Une confidence: après avoir passé deux soirées à parcourir cet ouvrage sur le mode détente, j’ai dû tout relire et prendre des notes; par respect pour vous, je ne pouvais continuer ainsi ! Je ne le regrette pas : voici un livre magnifique, à recommander vivement, d’abord pour ce qu’il est, et
ensuite pour l’effet miroir qu’il projette sur notre actualité.

Une phrase

Une conversation entre le Calife Youssouf et Averroès :

- Calife : « Tu ne nies donc pas l’existence de Dieu.
- Averroès : En aucun cas.
- Cette conviction s’appelle la foi.
- Non, Seigneur, la logique. Tout instant suppose un temps qui le précède, et il ne peut y avoir eu d’instant qui ne fût précédé d’un autre instant. Pourquoi un corps se met-il en mouvement dans telle direction plutôt que dans telle autre ? C’est qu’il est poussé par un autre corps. Celui-ci à son tout est poussé et ainsi de suite. Mais les choses ne peuvent aller indéfiniment. Il faut un premier corps qui ait poussé les autres, n’étant pas poussé lui-même. Aucun corps n’est mis en mouvement sans être mû. Ce principe est une vérité d’expérience ; elle s’applique à toute chose divisible. Il n’y a donc pas de monde créé. Mais un créateur. »

L'auteur

Né au Caire, Gilbert Sinoé fait ses études chez les jésuites et vient à Paris pour étudier la guitare, à l’Ecole Normale de Musique de Paris. Il connait un certain succès comme auteur de chansons et c’est à quarante ans qu’il écrit son premier roman. Il se spécialisé dans le roman d’histoire, le plus souvent situé en Orient, autour de son Egypte natale. Il écrit également des scénarios et des dialogues pour le cinéma.

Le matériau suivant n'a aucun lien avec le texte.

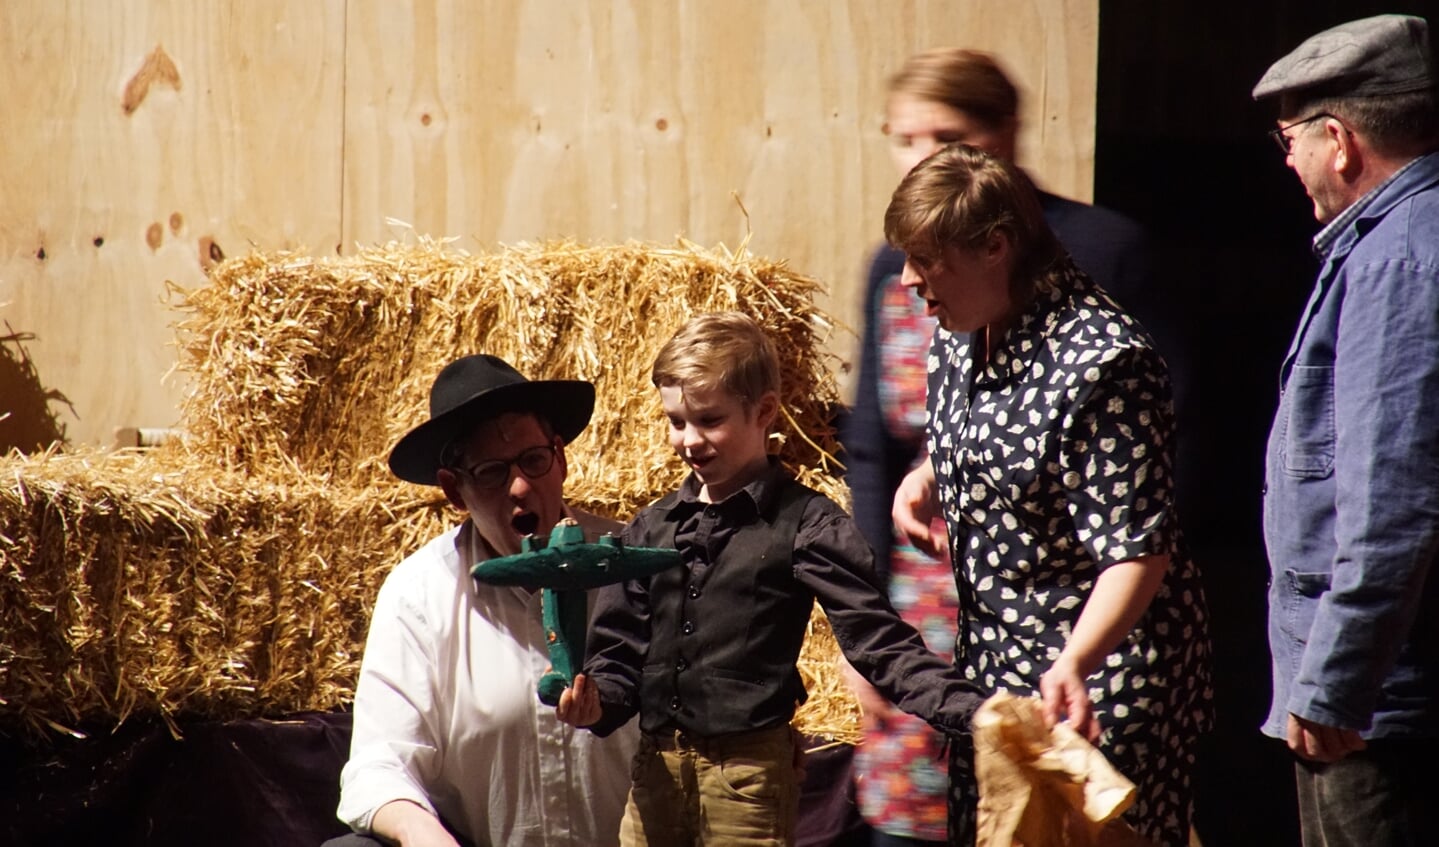 De achtjarige Jesse speelt de rol van de jonge onderduiker Joop Levy, die een houten vliegtuigje krijgt op zijn verjaardag. Foto: Frank Vinkenvleugel

Parmi la trentaine de romans qu’il a publiés à ce jour, on note plus particulièrement « le Livre de saphir » qui obtient le prix des libraires en 1996, « la Pourpre et l’olivier », et l’ « l’Egyptienne ».

Commentaires

Gilbert Sinoué
jeu 14/12/2017 - 15:31

Merci pour cette analyse aussi brillante que parfaitement objective.

Ali Hamadache,…
sam 02/02/2019 - 09:50

Déjà présenter Averroès comme un arabe alors qu'il est Amazigh (Berbère) est plus qu'un
mensonge, une manipulation, une imposture!